How do I know if I’m ready to buy a home?
- Do I have a steady source of income? Have I been employed on a regular basis for the last 2-3 years? Is my current income reliable?
- Do I have a good record of paying my bills?
- Do I have a few outstanding long-term debts, like car payments?
- Do I have enough money saved for a down payment?
- Do I have the ability to pay a mortgage every month, plus additional costs?
If you can answer “yes” to these questions, you are probably ready to buy your own home.
How does the Lender decide the maximum loan amount I can afford?
The lender considers your debt-to-income ratio, which is a comparison of your gross (pre-tax) income to housing and non-housing expenses. Non-houses expenses include such long-term debts as car or student loan payments, alimony or child support. Monthly mortgage payments should be no more than 28% of gross income, while the mortgage payment, combined with non-housing expenses, should total no more than 36% of income. The lender also considers cash available for down payment and closing costs, credit history, etc. when determining your maximum loan amount.
What is a mortgage?
Generally speaking, a mortgage is a loan obtained to purchase real estate. The “mortgage” itself is a lien (a legal claim) on a home or property that secures the promise to pay the debt.

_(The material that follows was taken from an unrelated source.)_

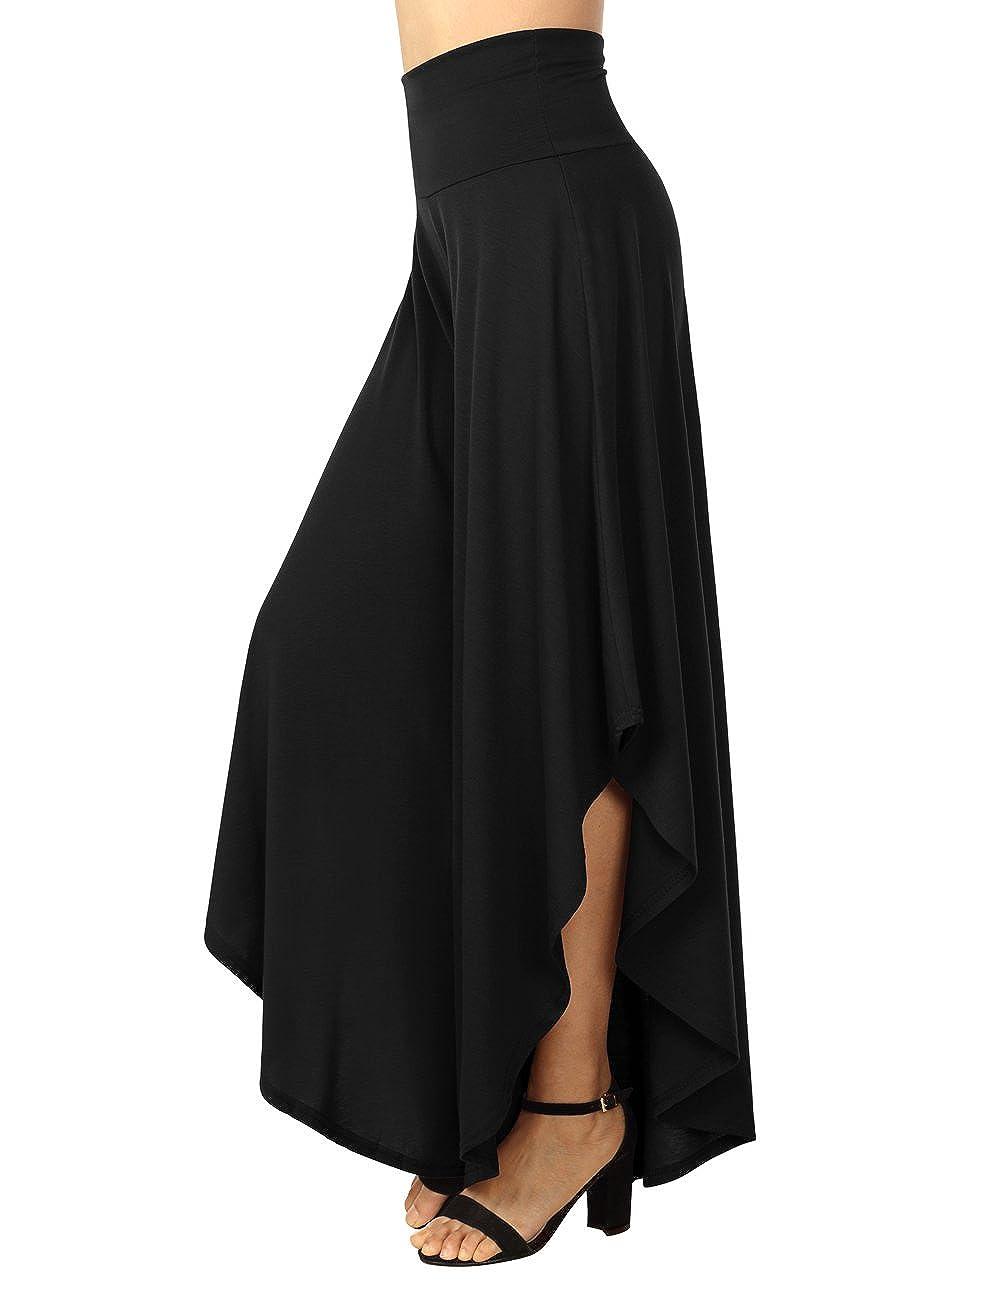 BAISHENGGT Women's Layered Wide Leg Flowy Palazzo Pants 3/4 Length High Waist
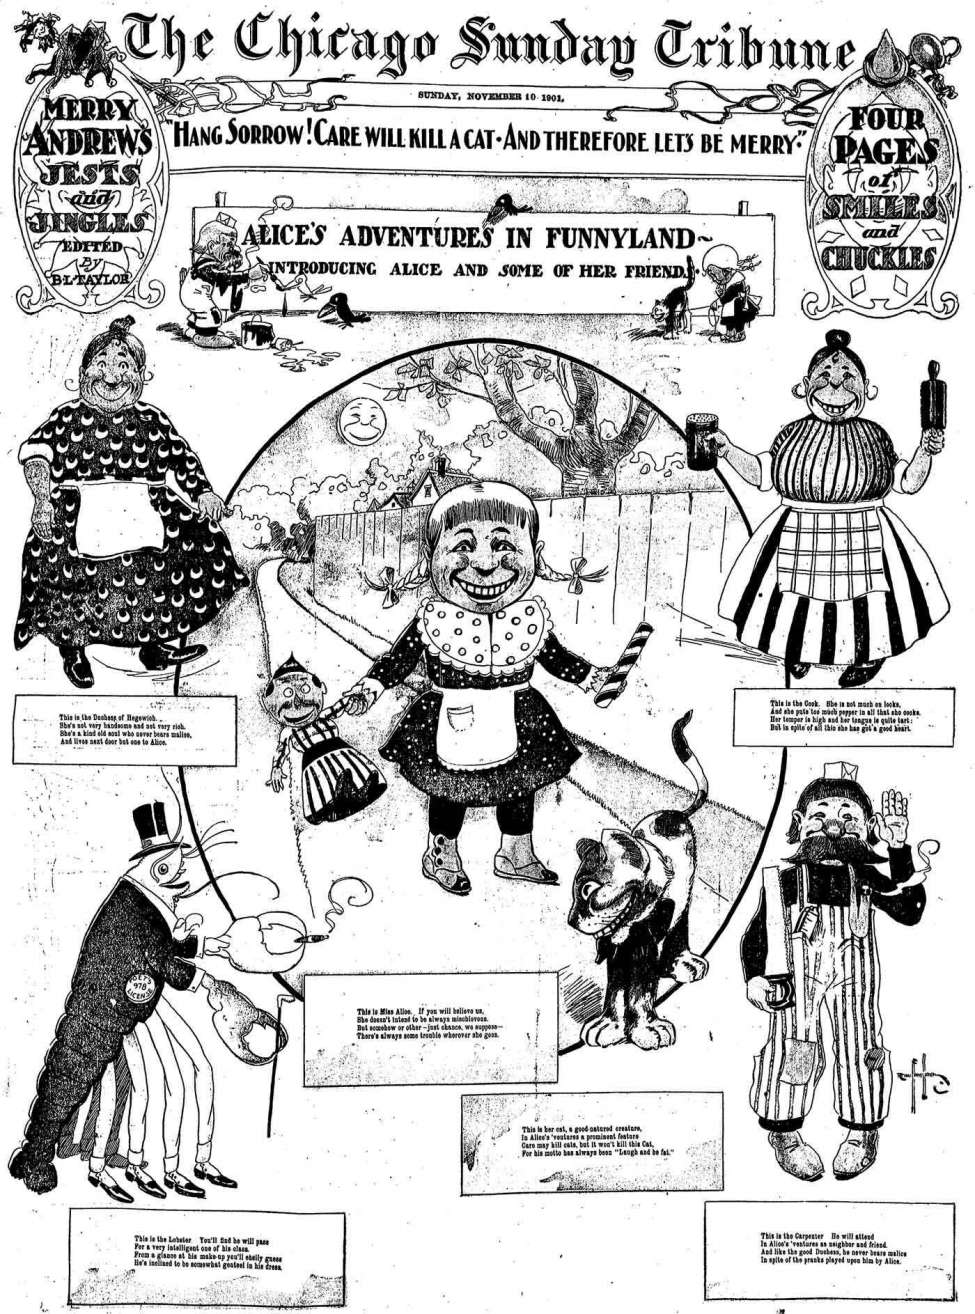 comic-en-diarios-chicago-sunday-tribune-alice-adventures-in-funnyland

What is a Loan to Value (LTV) and how does it determine the size of my loan?
- The loan to value ratio is the amount of money you borrow compared with the price or appraised value of the home you are purchasing. Each loan has a specific LTV limit. For example: With a 95% LVT loan on a home priced at $50,000, you could borrow up to $47,500 (95% of $50,000) and would have to pay, $2,500 as a down payment.
The LTV ratio reflects the amount of equity borrowers have in their homes. The higher the LTV the less cash homebuyers are required to pay out of their own funds. So to protect lenders against potential loss in case of default, higher LTV loans (80% or more) usually require a mortgage insurance policy.

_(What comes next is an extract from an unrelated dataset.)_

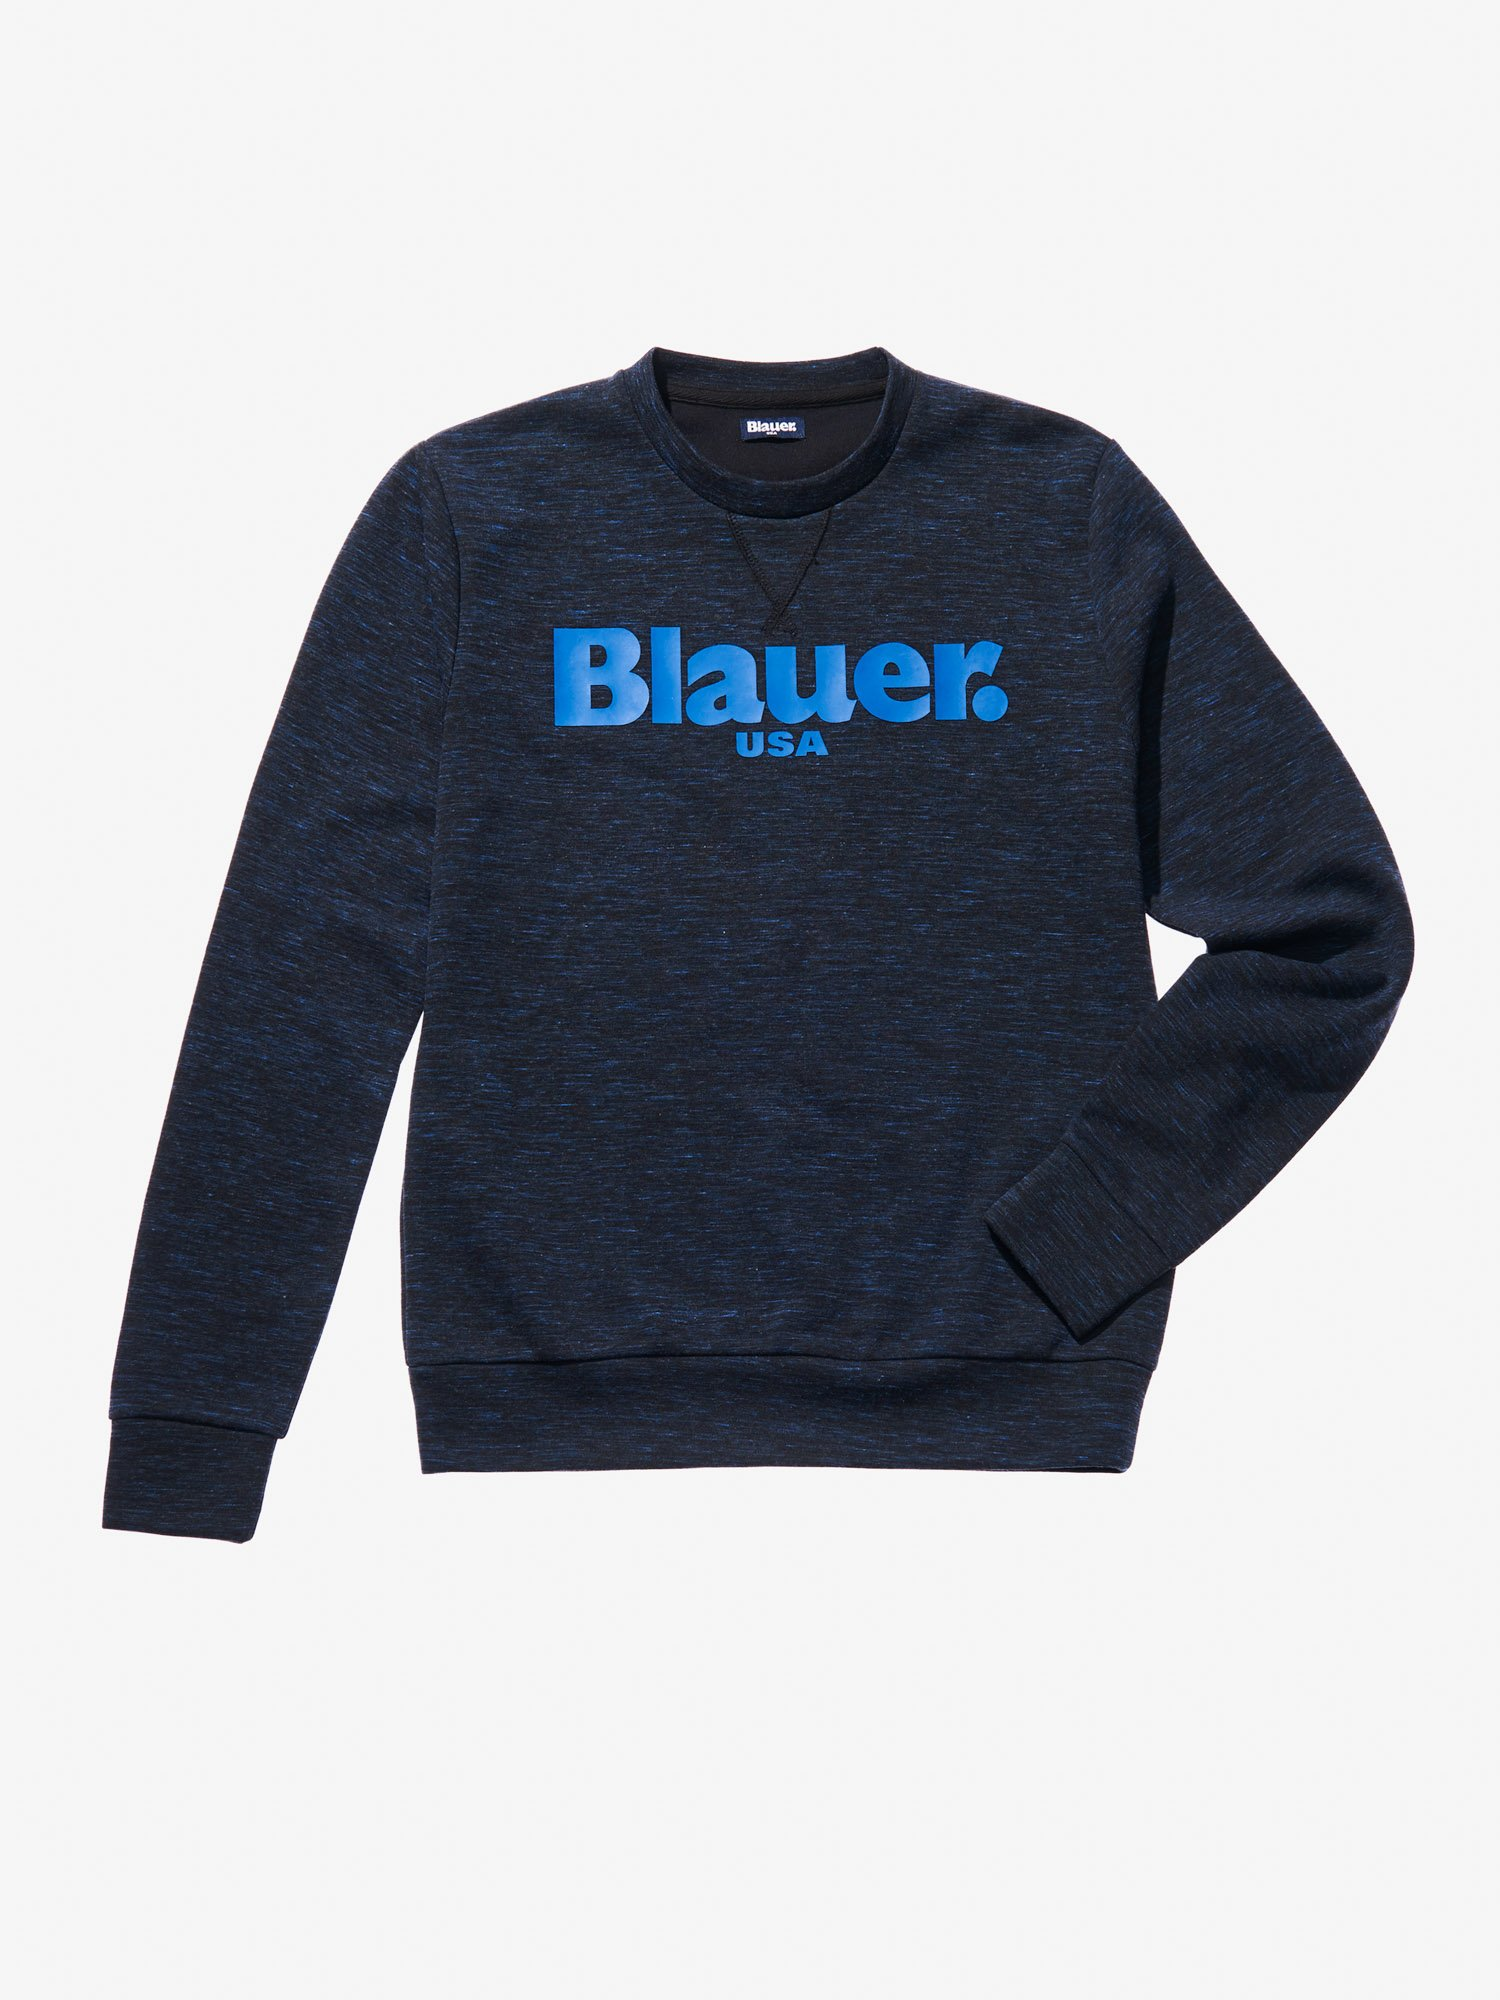 SLUB CREW NECK SWEATSHIRT - Blauer

How large of a down payment do I need?
There are mortgage options now available that only require a down payment of 5% or less of the purchase price. But the larger the down payment, the less you have to borrow, and the more equity you’ll have. Mortgages with less than 20% down payment generally require a mortgage insurance policy to secure the loan. When considering the size of your down payment, consider that you’ll also need money for closing costs, moving expenses and possibly – repairs and decorating.
What is included in a monthly mortgage payment?
The monthly mortgage payment mainly pays off principle and interest. But most lenders also include local real estate taxes, homeowner’s insurance and the mortgage insurance (if applicable.)
What factors affect mortgage payments?
The amount of the down payment, the size of the mortgage loan, the interest rate, the length of the repayment term and payment schedule will all affect the size of your mortgage payment.
How does the interest rate factor in securing a mortgage loan?
A lower interest rate allows you to borrow more money than a high rate with the same monthly payment. Interest rates can fluctuate as you shop for a loan, so ask lenders if they offer a rate “lock-in” which guarantees a specific interest rate for a certain period of time. Remember that a lender must disclose the Annual Percentage Rate (APR) of a loan to you. The APR shows the cost of a mortgage loan by expressing it in terms of a yearly interest rate. It is generally higher than the interest rate because it also includes the cost of points, mortgage insurance and other fees included in the loan.
What is an escrow account? Do I need one?
Established by your lender, an escrow account is a place to set aside a portion of your monthly mortgage payment to cover annual charges for homeowner’s insurance, mortgage insurance (if applicable) and property taxes. Escrow accounts are a good idea because they assure money will always be available for these payments.
What steps need to be taken to secure a loan?
The first step in securing a loan is to complete a loan application. To do so, you’ll need the following information:
- Paystubs for the past 2-3 months
- W-2 forms for the past 2 years
- Information on long-term debts
- Recent bank statements
- Tax returns for the past 2 years
- Proof of any other income
- Address and description of the property you wish to buy
- Sales contract
During the application process, the lender will order a report on your credit history and a professional appraisal of the property you want to purchase.
What happens after I’ve applied for my loan?
It usually takes 4-6 weeks to complete the evaluation of your application. It’s not unusual for the lender to ask for more information once the application has been submitted. The sooner you can provide the information, the faster your application will be processed. Once all the information has been verified the lender will call you to let you know the outcome of your application. If the loan is approved, a closing date is set up and the lender will review the closing with you. After the closing, you’ll be able to move into your new home.